GALILEO AND THE CHURCH
In Galileo’s day, people could be tried and even killed as heretics if they wrote books that went against the Church’s teaching. The Inquisition was responsible for trying heretics. Galileo hoped he would be safe because the Pope liked his work. So he wrote a book showing that he believed that Copernican theory was probably true. But the book was banned and Galileo was tried by the Inquisition. He was forced to say he had been wrong, and was sentenced to life imprisonment, although he was allowed to live at home. He carried on working on moving objects, and wrote his most important book in these last years. Galileo died in Arcetri, near Florence, in 1642.
Galileo’s trial became famous. He had not wanted to go against the Church. He was a religious man. But he felt that people should accept what science had shown to be true when they interpreted the Bible. He thought you should not believe it blindly word for word.
Galileo only had simple telescopes. And not all of his arguments were correct. But now we have plenty of evidence that the Earth is just another planet going round the Sun. We have even found planets orbiting other stars.
Did you know?
• When Galileo left the University of Pisa in 1585 he did so without having passed his degree, although it had been medicine that he was studying and not the astronomy or physics that he would later be acclaimed for.

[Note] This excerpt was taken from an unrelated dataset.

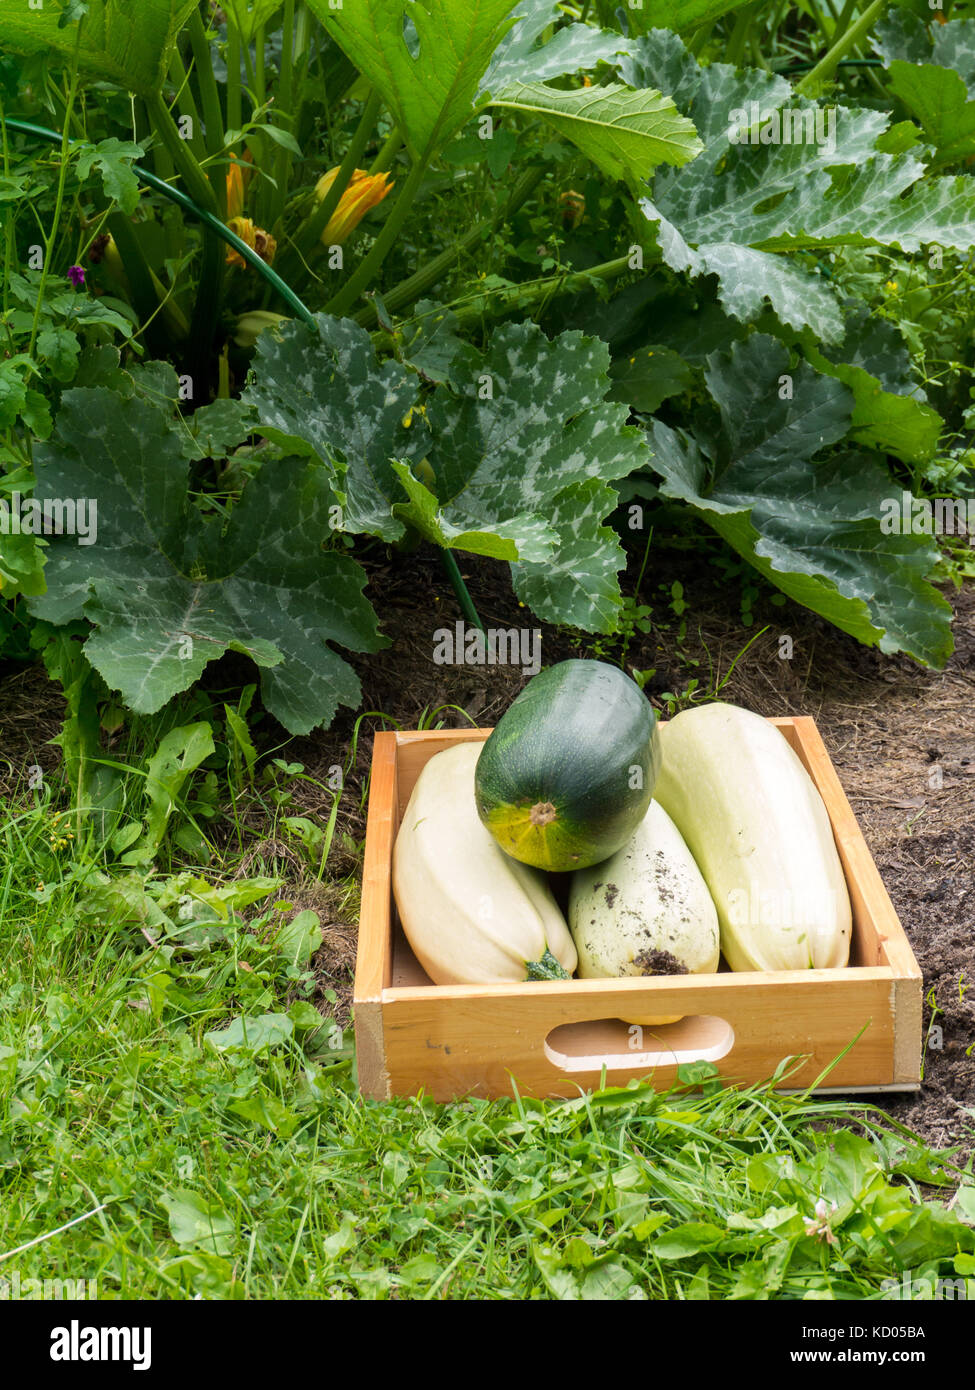 Harvesting zucchini in the organic vegetable garden. Green and white marrow squash in the wooden box. Flowering zucchini plants. Stock Photo

• In 1992 the Roman Catholic Church officially apologized for condemning Galileo to life imprisonment for going against their teachings in claiming that the Earth revolved around the Sun and not the other way round. After almost five centuries the Church had finally admitted that it was wrong and that Galileo was right.
• Legend has it that Galileo dropped two objects from the Leaning Tower of Pisa to show that if you drop a light object and a heavy object from the same height, they will speed up at the same rate and reach the ground at the same time. This story was first told by his last pupil and first biographer, Vincenzo Viviani, although many believe that at best it is more probably an exaggerated version of an actual event.